JBS Five Rivers Cattle Feeding has been exploring ways to do just that for the past five years. Through a partnership with Harsh International Inc. of Eaton, a theory is close to becoming a reality.

Basically, the system would burn feedlot manure to the point that it produces a gas that could be used to produce steam energy.

Recently, JBS Five Rivers and Harsh demonstrated a prototype gasifier of what JBS intends to install at its newly renovated feedlot at Kuner, which is east of Kersey, by the end of this year.

The company intends to install three of the Harsh-built commercial gasifiers, which will replace the feedlot’s three boilers that are used to flake corn, part of the diet given to cattle.

Andy Brown of Harsh International said the gasifier was created by a Canadian inventor about 10 years ago. Harsh has developed what Brown called a strategic alliance to build the prototype — and eventually commercial units. The prototype can burn about 250 pounds of manure per hour; the commercial unit will handle 4,200 pounds.

“This is the most exciting thing I’ve been involved with in my career,” Brown, 79, said.

He bought Harsh in 1986 and runs the company with his son, Bob. For years, Harsh has been involved in the manufacture of hydraulic lifts and other agriculture equipment.

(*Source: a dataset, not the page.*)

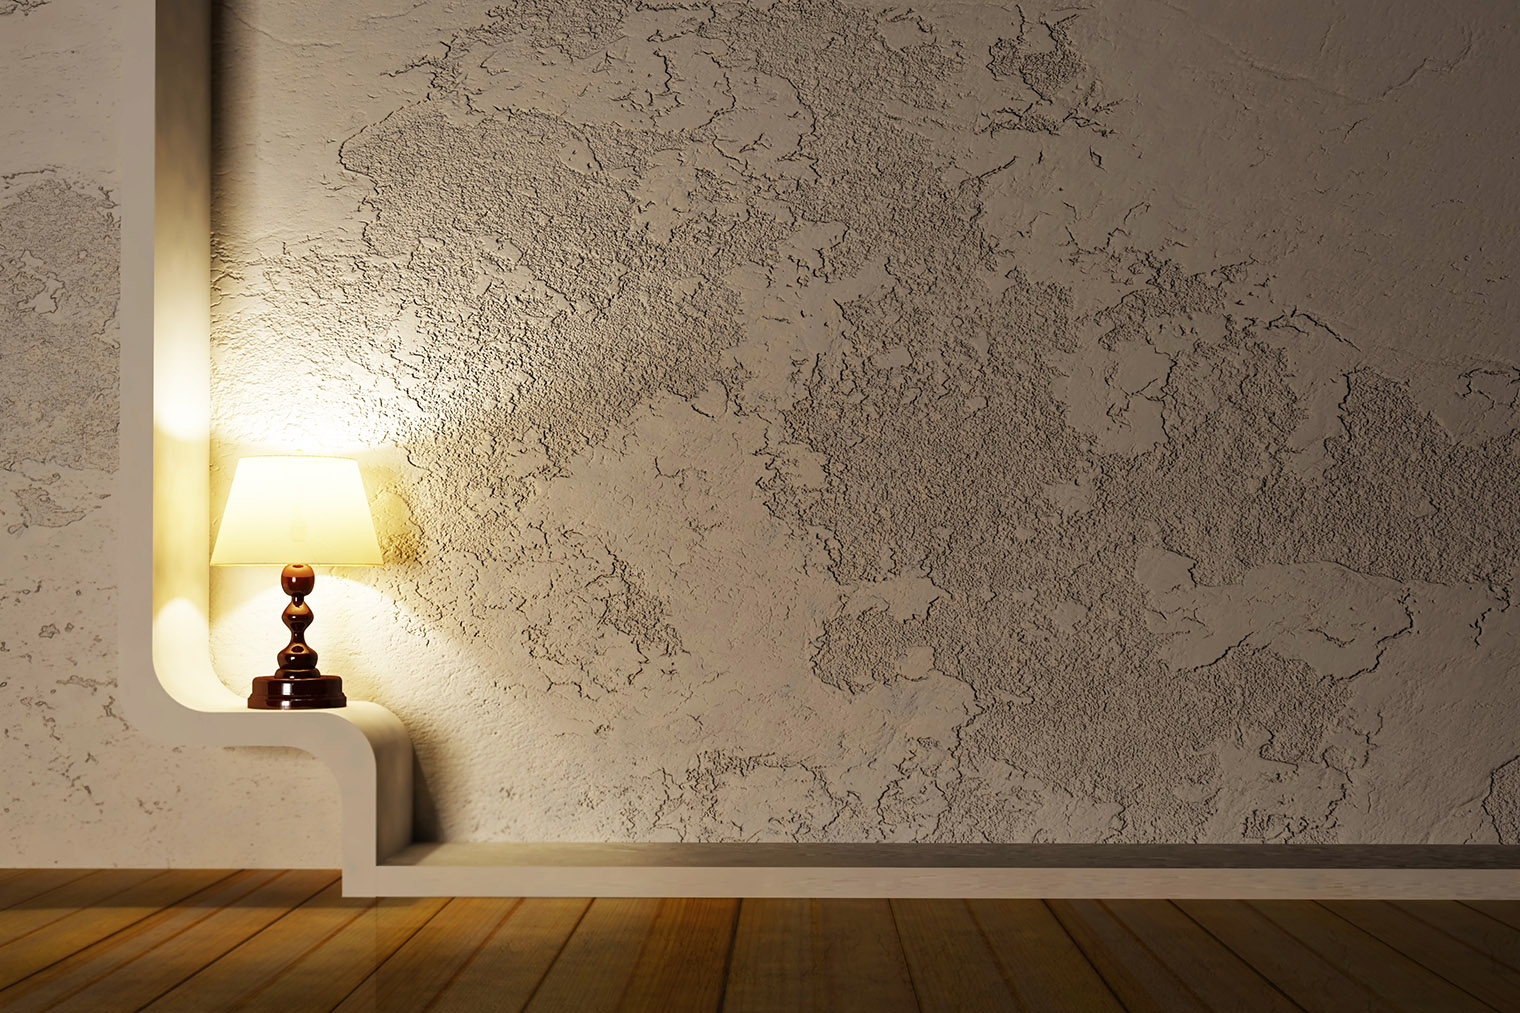 Так выглядит техника «Карта мира» в чистом виде, без слоя венецианской штукатурки. Фотография: OLEKSANDR ROZDOBUDKO / Shutterstock

Tom McDonald, vice president of environmental affairs for JBS Five Rivers, said the new equipment will result in an 80 percent reduction in the natural gas that is presently used to operate the boilers. Each of the gasifiers, he said, will cost $425,000.

In comparison, John Slutskey, who operates a dairy near Wellington and is chairman of the Colorado Air Quality Commission, said a digester for his dairy would cost $1.3 million, or $1,000 a cow. But he and McDonald were quick to point out that a gasifier and a digester are two different types of technology. Feedlot manure, they said, contains a lot of dirt, unlike that of dairy manure, since those cows stand on solid flooring such as concrete.

McDonald said while JBS Five Rivers has been looking at the technology for the past five years, it was about two years ago when company officials approached Harsh to see if it could build the gasifier.

The gasifier works by taking the manure into a container much like what McDonald called a “pizza oven,” only once operational, it operates at 1,600 degrees. The gas coming off the manure is pulled into a waste heat boiler, which produces the steam to flake the corn.